I have had a very busy week at the 9-5.  We had a project to do on short notice.  The results showed I have made more progress than I imagined in a major audit that occurs next year.  Every three years we have an audit that requires annual documentation to be collected from dozens of areas. The information has to be compiled into folders.  I do a lot of the collecting and all of the compiling.  I have some co-workers who assist when they have time and I appreciate them like a glass of sweet tea in August.  The nice thing is that (Lord willing), the audit next year will be my fourth and last one.  I should be able to retire before it comes around again.

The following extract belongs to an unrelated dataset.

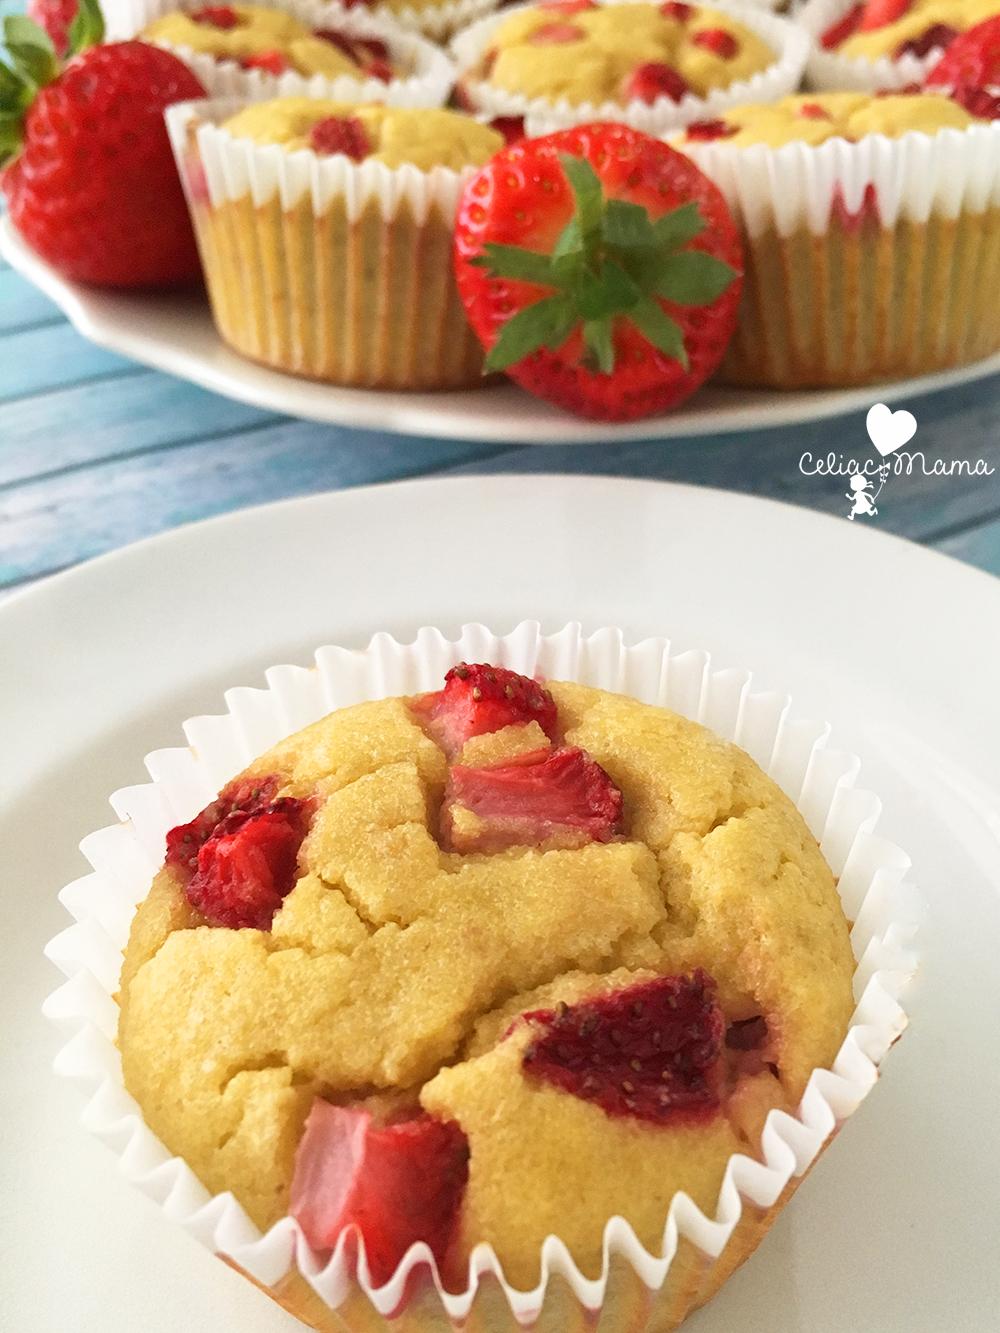 gluten free strawberry banana muffins

I also had a challenge to try to say the right things to a friend going through a major crisis.  She has a lot of difficult and heart rending things happening.  I reminded her that it will be okay, that she is strong, that she has a large support system.  I know He will take care of every need.

I am challenged with trying to write this post.  I am not feeling very inspired.  But, the exercise is to show up and type.  For one trying to develop a writing lifestyle, it is an important thing to just show up at the page.

He always encourages me to write.  I tease him that he just likes to read how wonderful he is and see me telling the world how wonderful he is to me.  He is my Valentine every day.  He has been for thirty four years.  He continues to amaze me with his ability to face the world with such bravado and touch the world with such compassion for others with less bold courage.  What a treasure is my True Love.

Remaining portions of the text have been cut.